Any seller who believes Apple charges more than it deserves is free to find its end users elsewhere. We live in a competitive world, and prices and terms that are onerous are soon enough undercut by competitors.
 
The difference is that, unlike a television, an app costs very little, if anything, and were Apple's revenue restricted to a portion of the sale price of the app while the developer raked it in by using the app to sell books, magic potions, and anything else to Apple's customers, it would hardly be fair to Apple.

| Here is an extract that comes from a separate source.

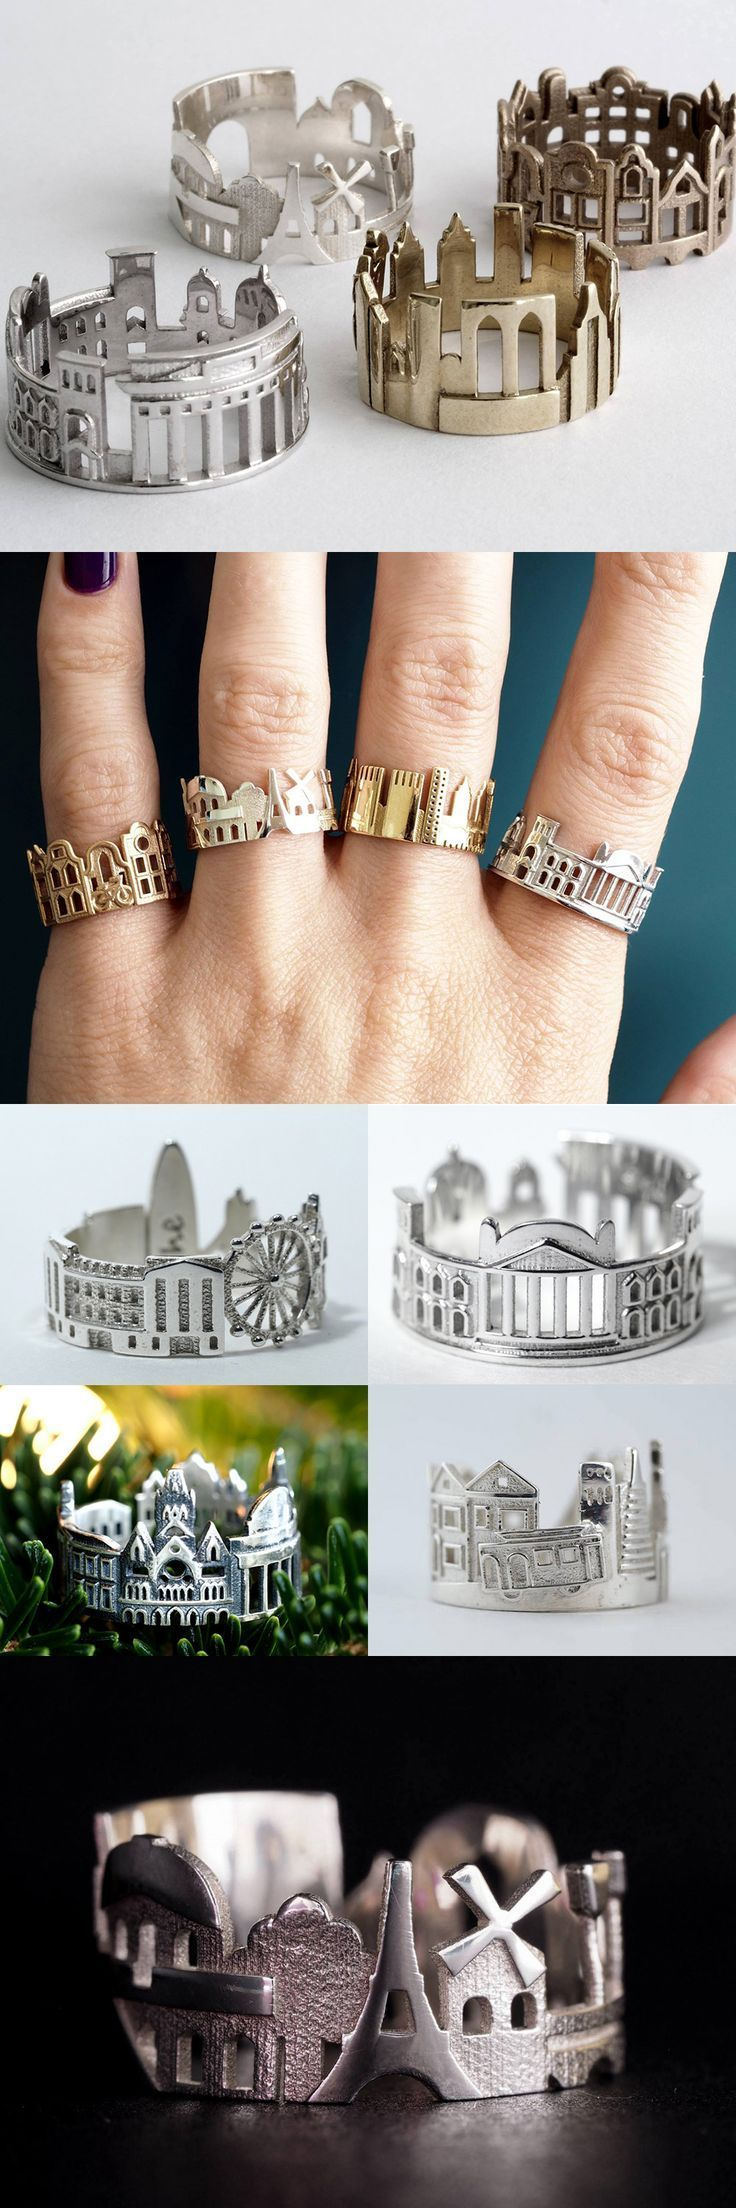 Lista de los anillos de cubo ~ rubies.work / paisaje urbano ... Anillos característica arquitectónica Highli ...

Apple is entitled to be paid for access to its customers, and what is a fair amount is a function of the value of access to Apple's customers to the seller. A developer who builds an app he sells for 99 cents derives less value than a wholesaler who gives away an app he uses to provide his entire catalog to those who download the app. Apple has no obligation to introduce to its customer base a Trojan Horse filled with peddlers who refuse to compensate Apple.

Any seller who believes Apple charges more than it deserves is free to find its end users elsewhere. We live in a competitive world, and prices and terms that are onerous are soon enough undercut by competitors.
It works both ways.
Without developers, Apple would have no customers.
Apple gets compensated for making the app available in the App store via the developer fees and collects 30% of the sale price of any App sold in the App store.
The developer does all the work to provide the actual value within the app itself.
If Apple wants to prove value, allow other App store's on their "i" devices and let the stores compete.
But that will never happen as Apple knows they will see a large migration of devs away from their store if the other offers better terms.

To say Apple is "entitled" to a cut beyond that is arrogant at the least.